The “mftext” Program
The program mftext, written by Tim Thompson and modified by me and Daniel Sleator, converts a MIDI file into a “note list” and vice versa. This is the format required by the meter program and the monophonic key program. See “comments” in the mftext directory for further information.
One warning: A frequent problem with MIDI files is that “note off” events are often encoded as “on” events with velocity 0. The mftext program has an option for reading velocity-zero “on” events as “off” events; see mftext/comments.
The Note-Address System
You can evaluate a metrical model using the note-address system in the following way. (For more explanation, see Temperley, “An Evaluation System for Metrical Models”, Computer Music Journal 28/3, 28-44.)
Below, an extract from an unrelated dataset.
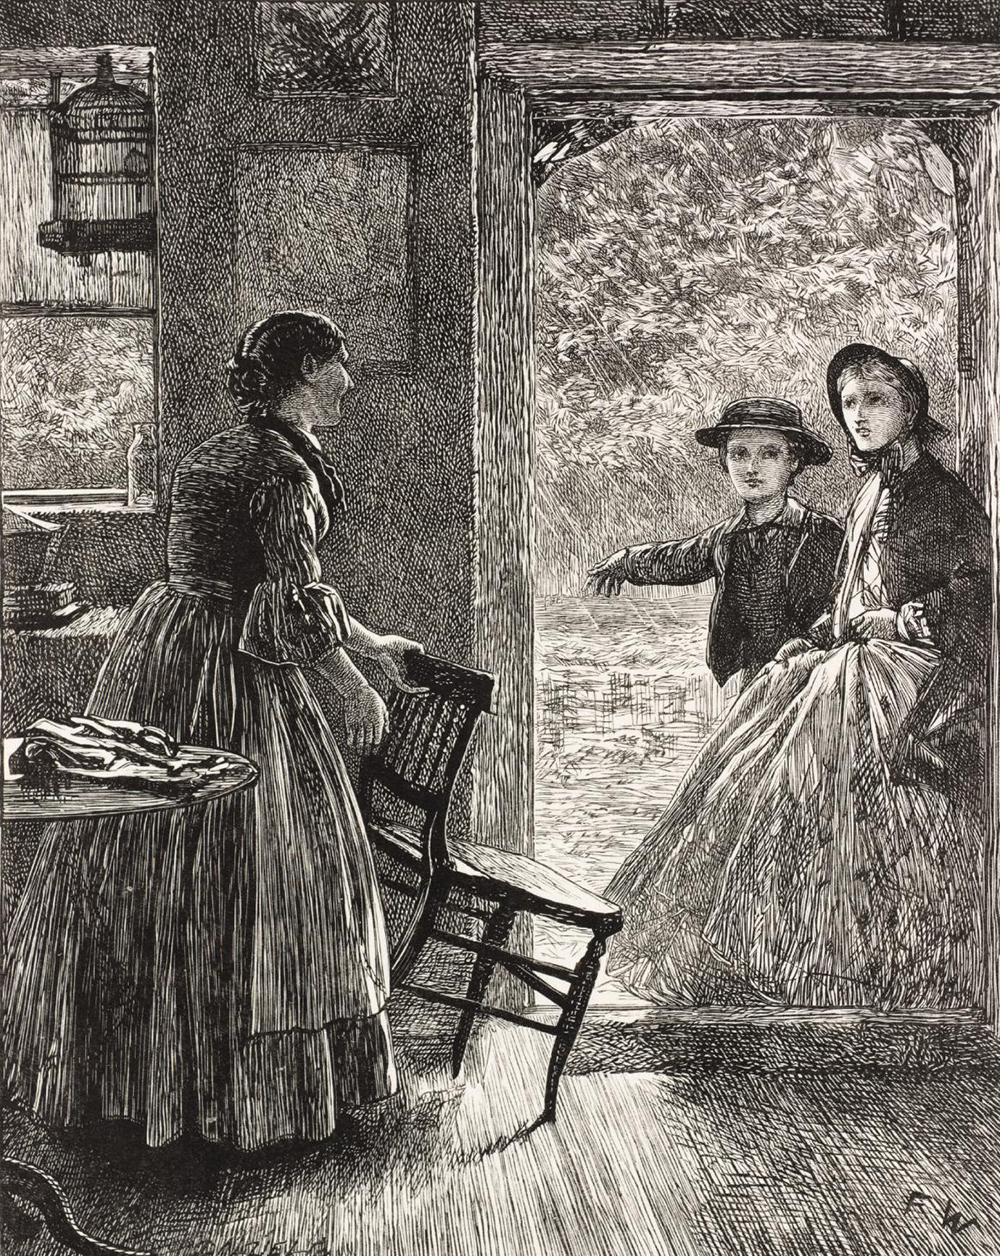 Wood engraving of a woman tilting a chair toward two people standing in an open doorway
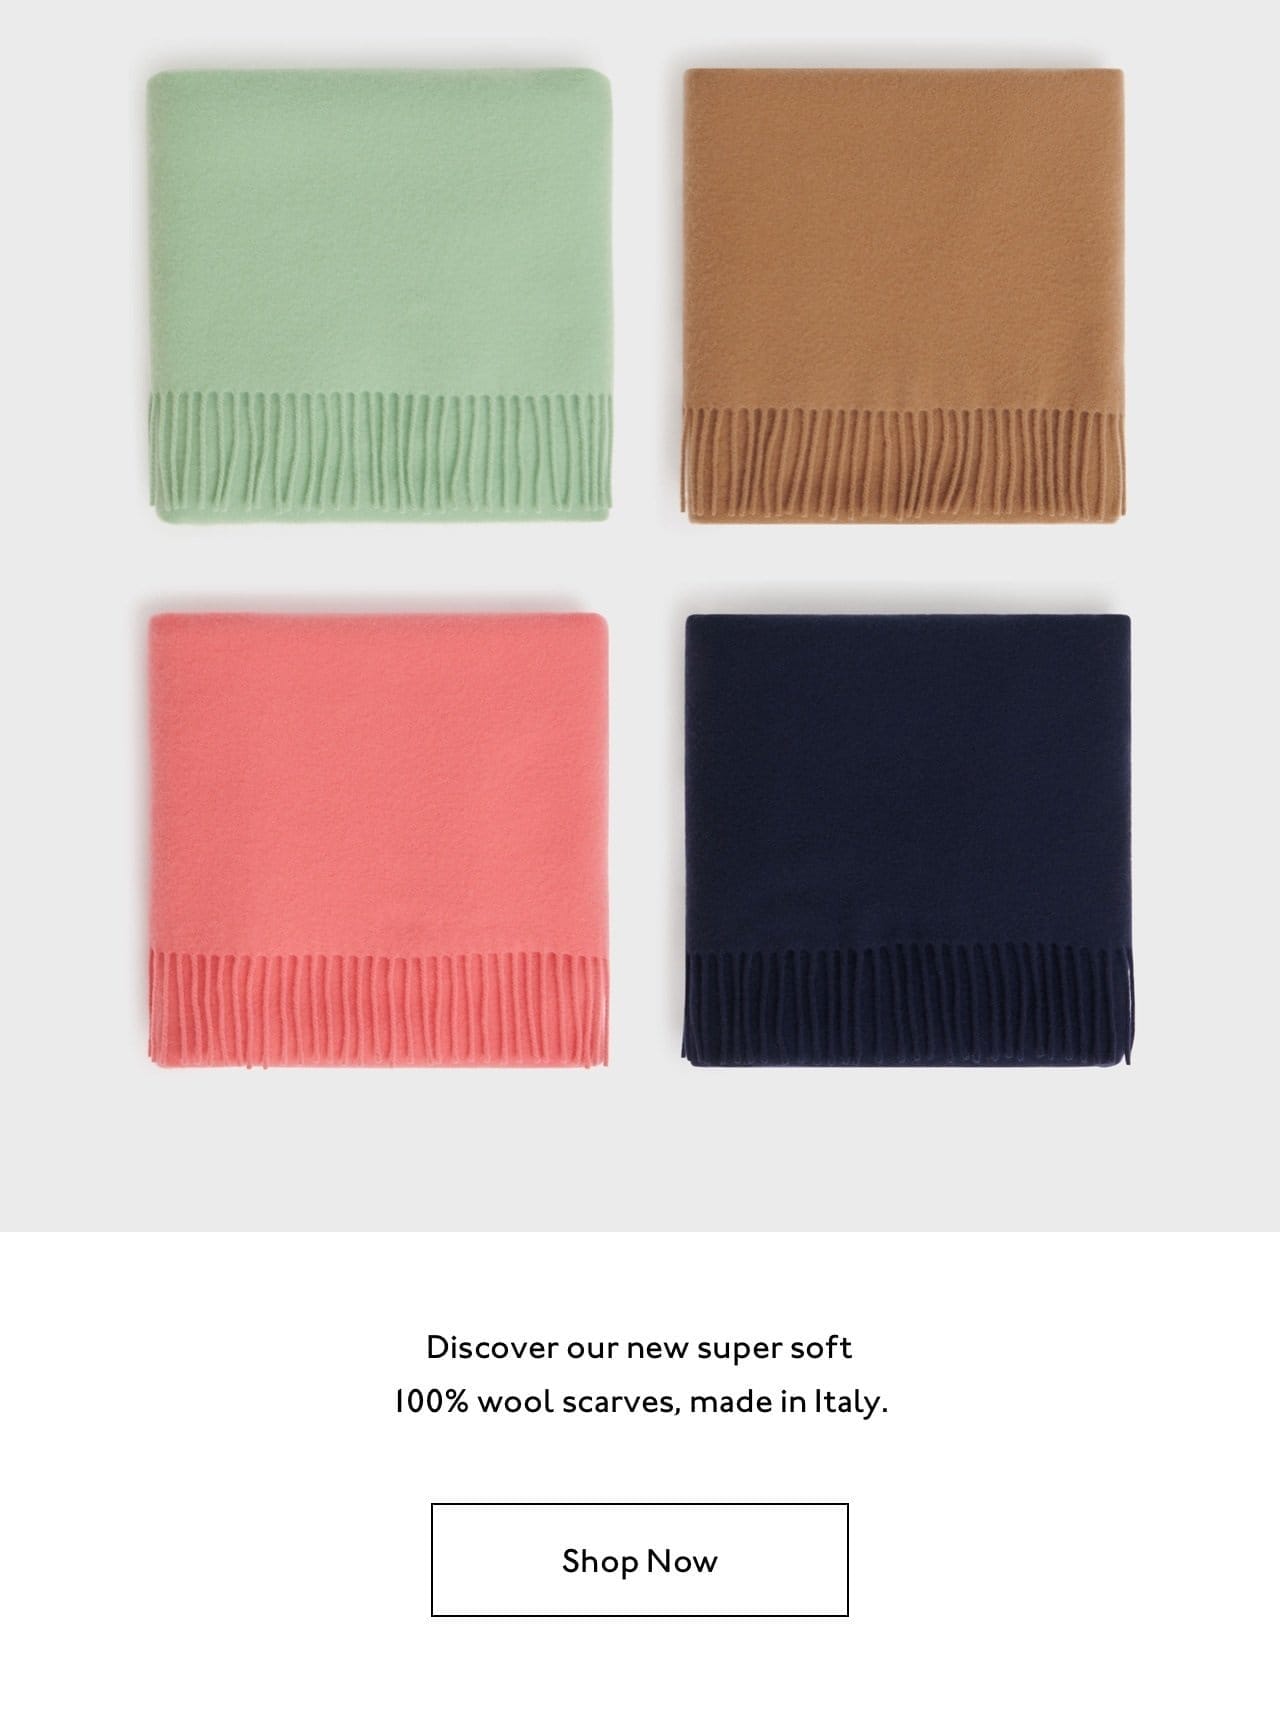 Discover our new super soft 100% wool scarves, made in Italy.

1. It is recommended that you start by converting the output from your model into “note-beat list” format. A note list is statements of the form “Note [ontime] [offtime] [pitch]”; a beat list is statements of the form “Beat [time] [level]”. Not-beat lists can be generated using the probabilistic meter program; see instructions at the top of the code. (They can also be generated by the Melisma meter-finding program.)
2. Use the program gen-add to generate note address list from a note-beat list.
3. Use the program compare-na to compare your note-address list with the correct one.
4. Use the program tally-na (if desired) to take a series of outputs from compare-na and combine them.
All of these programs (gen-add, compare-na, tally-na) are available for download above.